Google’s reinvention as tech holding company Alphabet, announced in August, legally took place on 2 October, with the company telling the Financial Times that the legal formalit will have no immediate outward effects.
When the stock market opens on 5 October, the old Google will have been replaced by the new Alphabet, though its two classes of publicly traded shares will continue under their old ticker symbols, GOOG and GOOGL.
The company said that, now the new legal form was in place, it would start to carve out its different divisions into wholly owned subsidiaries, including the Google internet business, the source of almost all its income. These include “smart city” venture Sidewalk Labs; “smart home” company Nest; biotech arm Calico; and Google Life Sciences. Google Ventures, Google Capital and the Google X research labs will also become subsidiaries.
The corporate reinvention will be accompanied by a small degree of extra financial transparency. Google has said that from January it will report results under two business segments, one representing its internet business and the other containing all its other operations.
The Alphabet switch is part of an attempt by co-founder and chief executive Larry Page to transcend what he believes are inevitable limits on growth that hold back normal companies. Page earlier expressed frustration with the way all big companies hit a ceiling: “The biggest companies are all within an order of magnitude of the same size, certainly in market cap,” he said.

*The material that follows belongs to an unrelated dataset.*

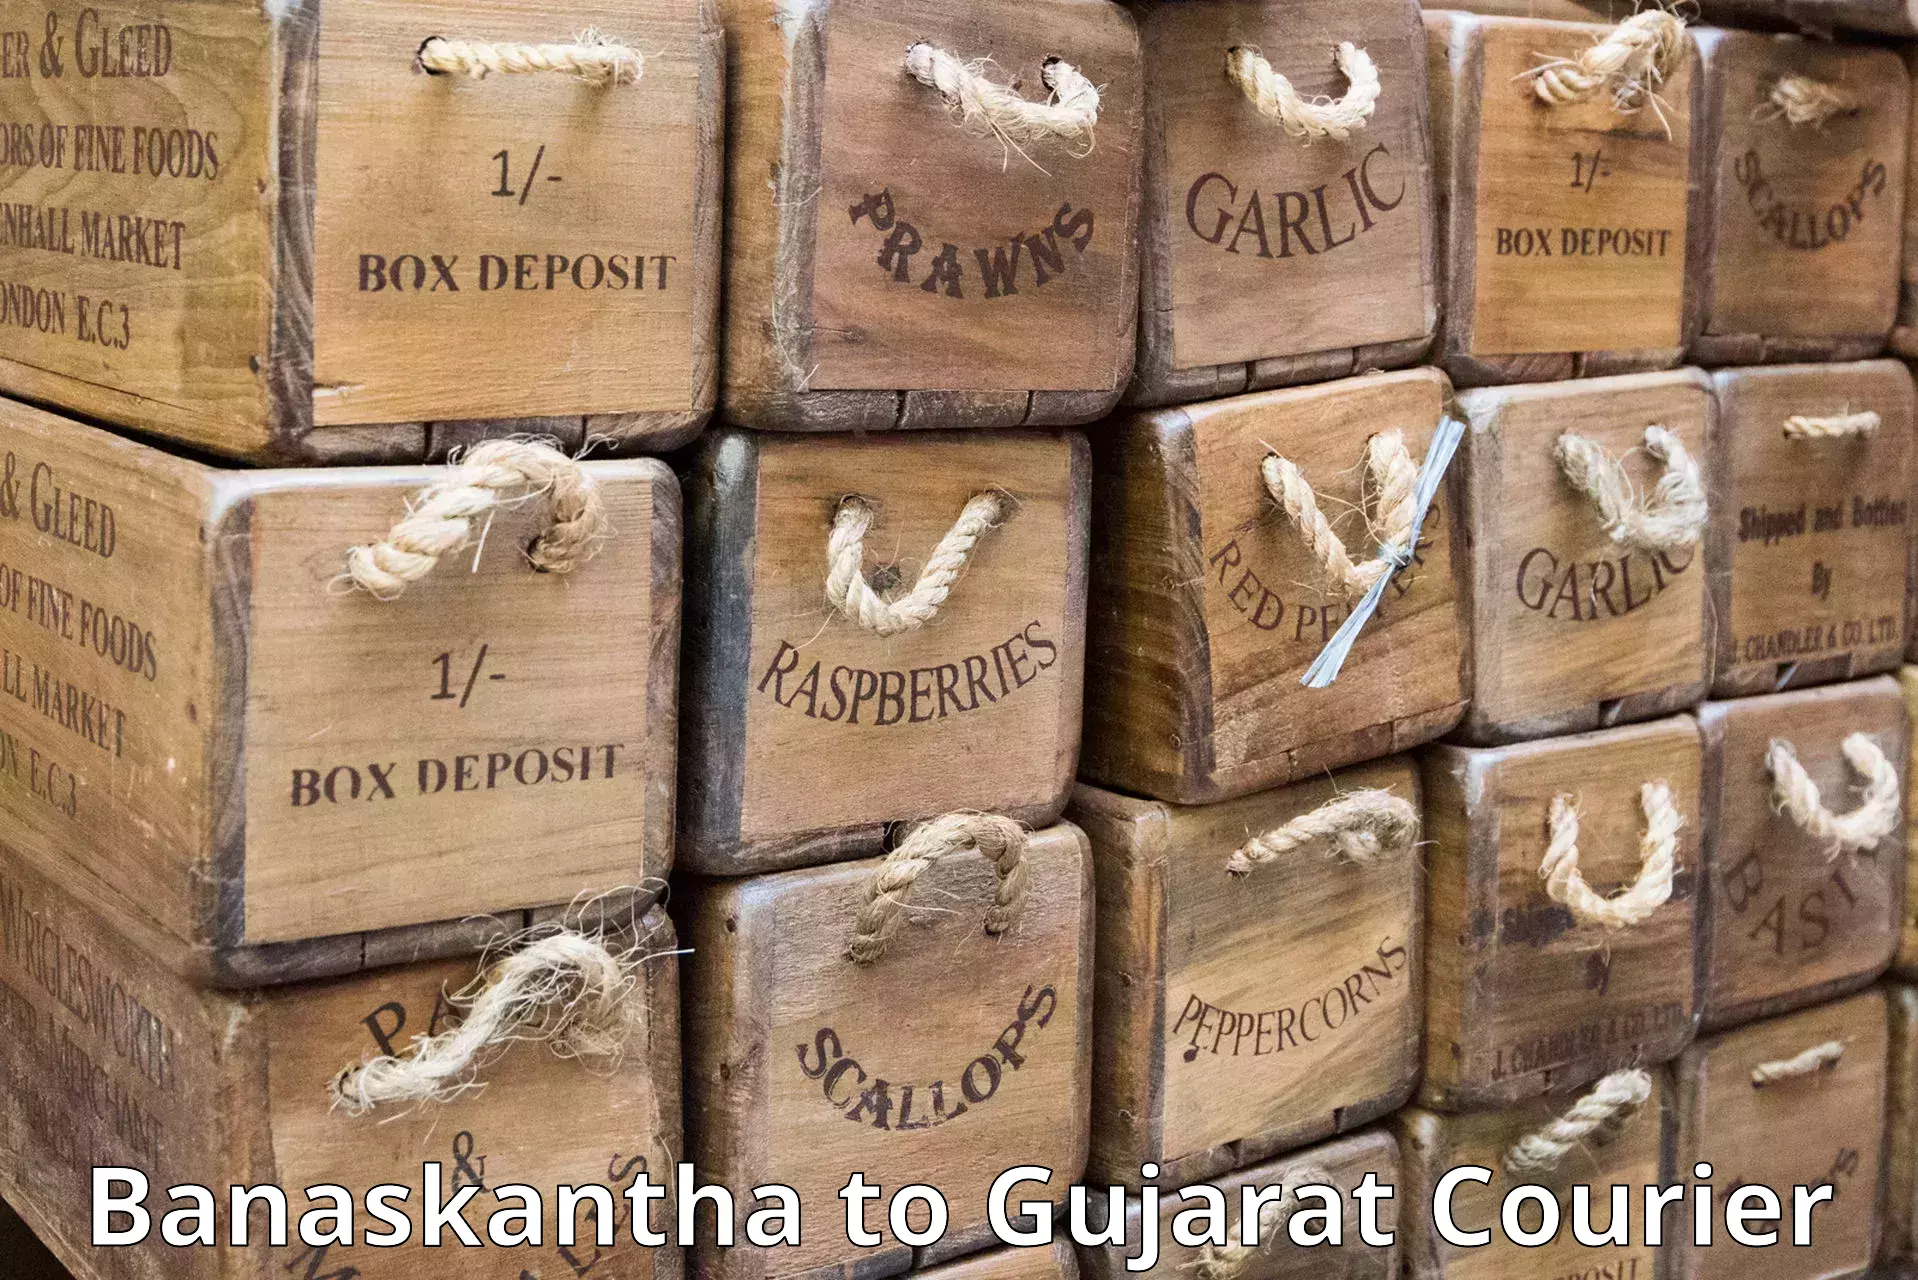 State-of-the-art courier technology Banaskantha to Palanpur
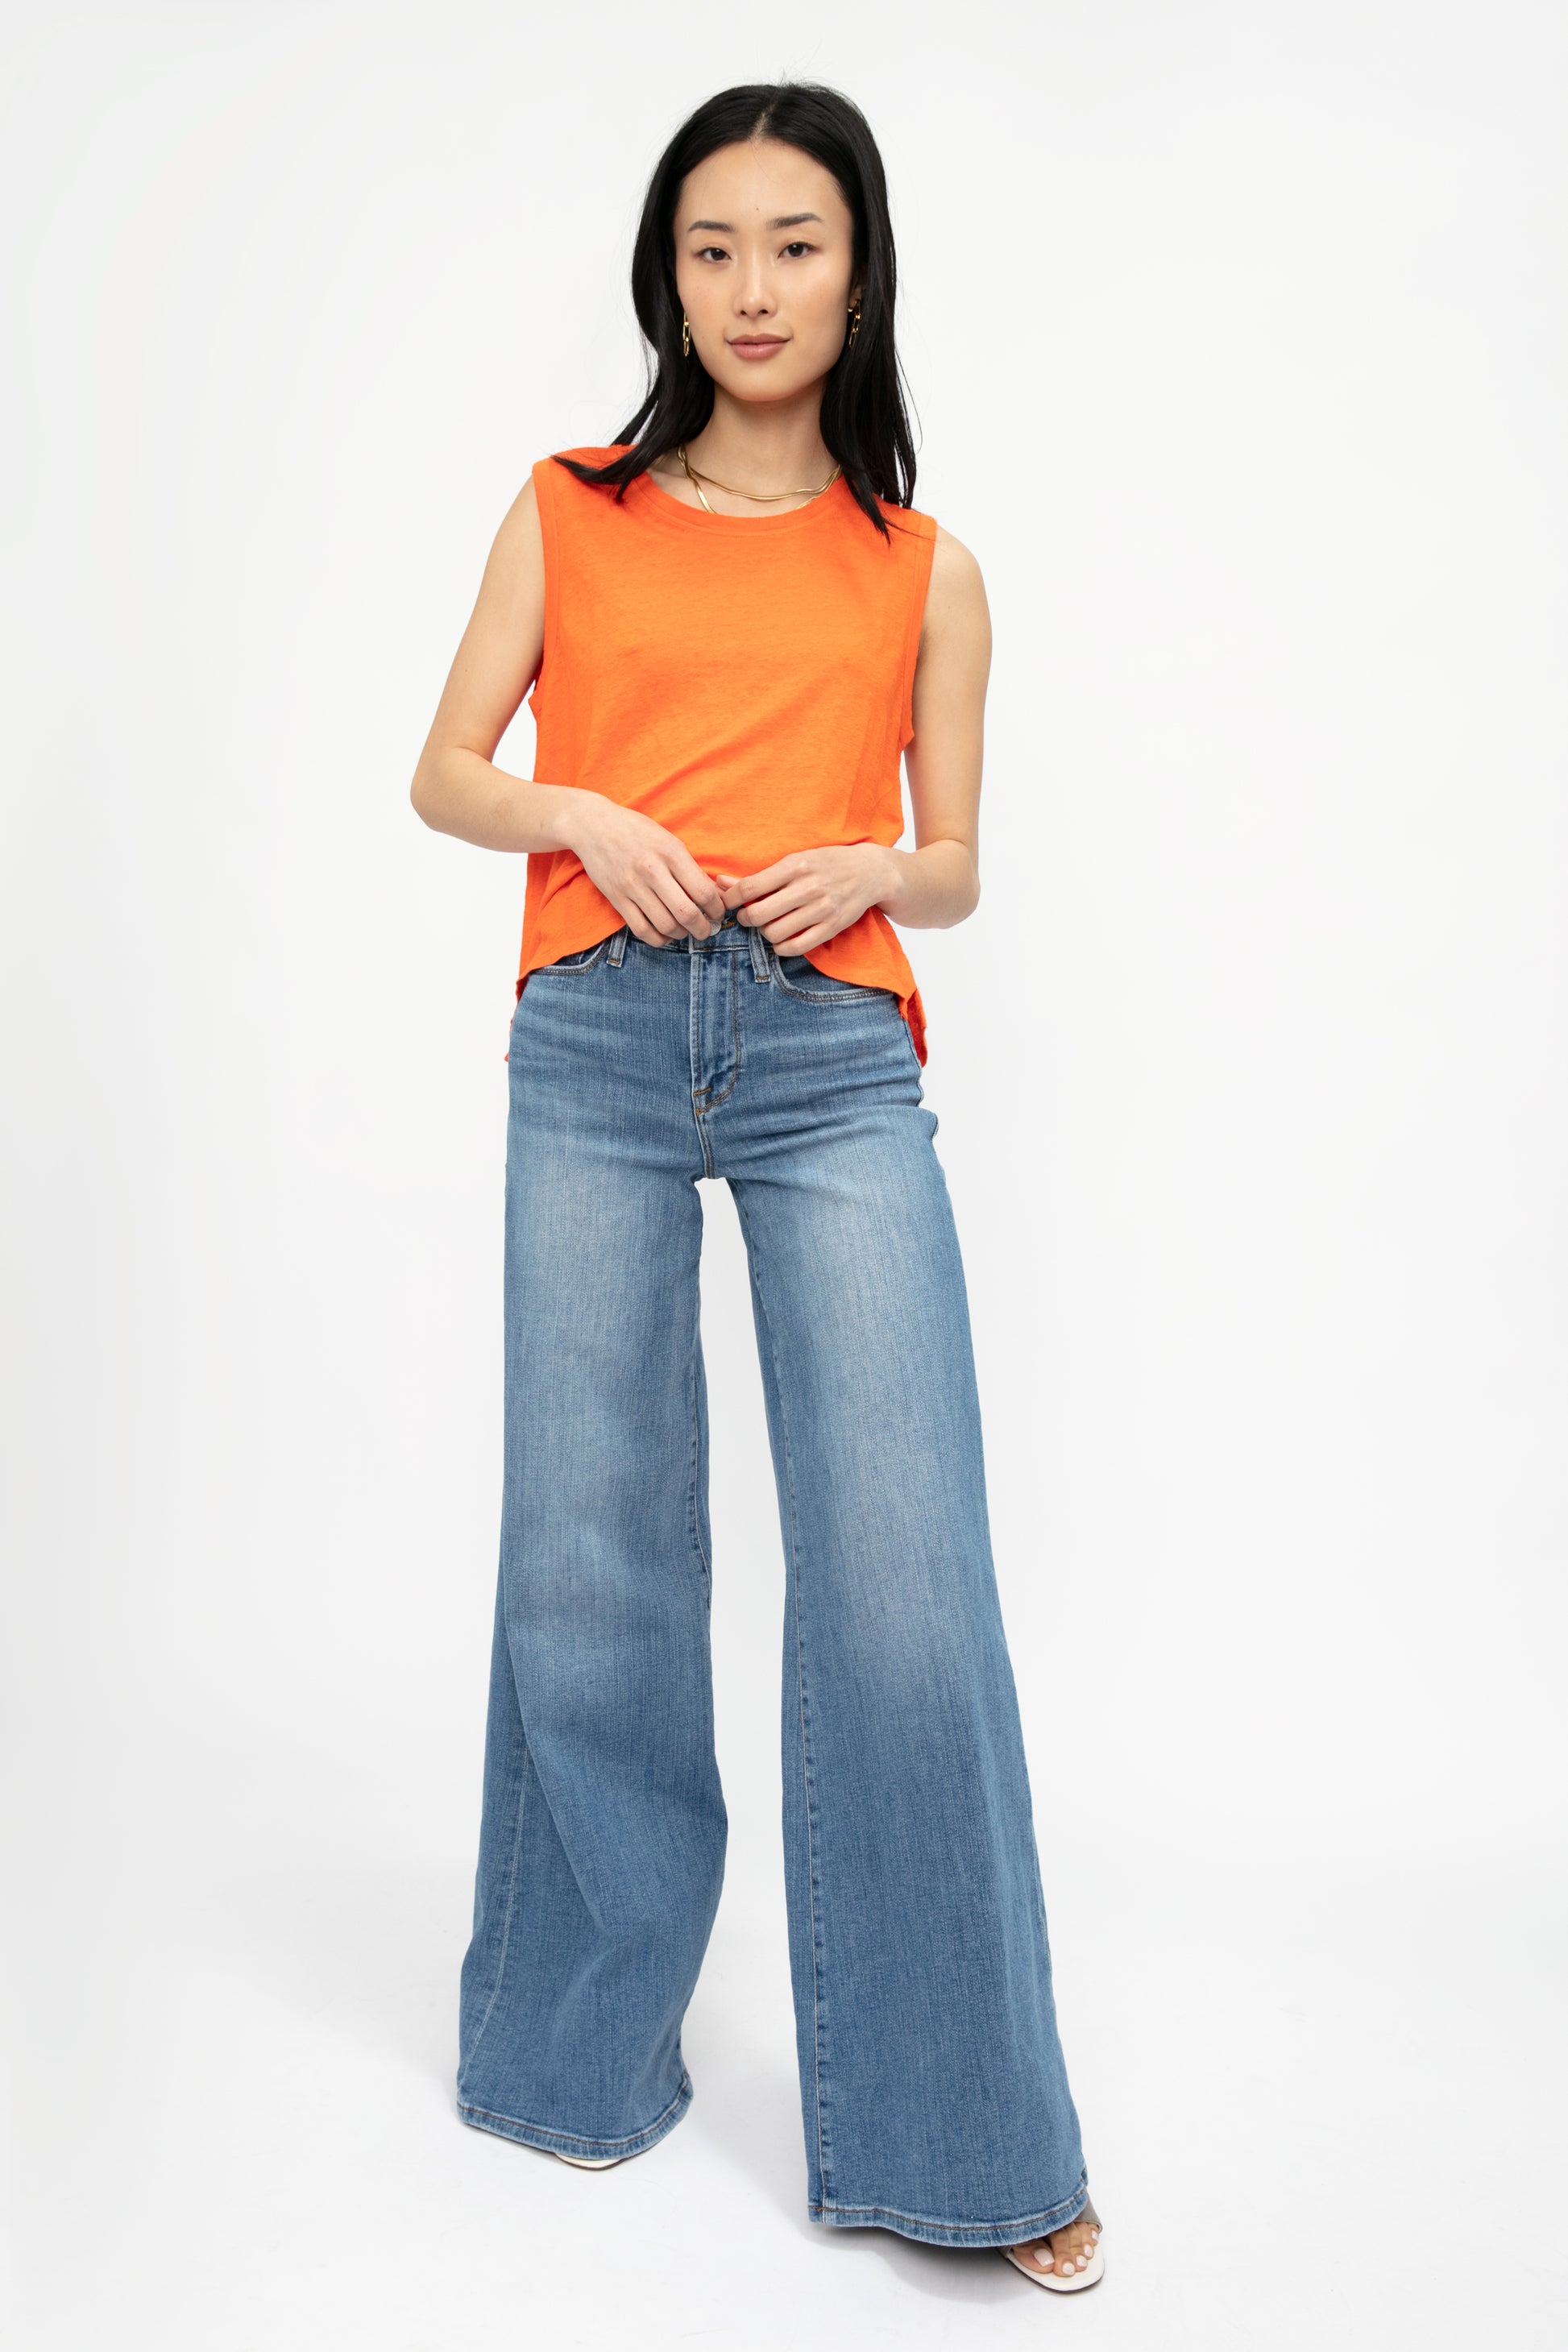 FRAME Le Palazzo Pant in Blue Fade

Page put the limitation down to the corporate arrangements that led to so many decisions ending up on the chief executive’s desk, creating a bottleneck that prevents them taking on as many new ideas as they would like. “It’s limited a lot of companies and maybe why they get to a certain size and maybe not get much bigger,” he said. The Alphabet arrangement is intended to overcome this hurdle, and enable Google to keep growing indefinitely, potentially making it the first trillion-dollar company, by handing most of the decisions to the heads of semi-autonomous business units.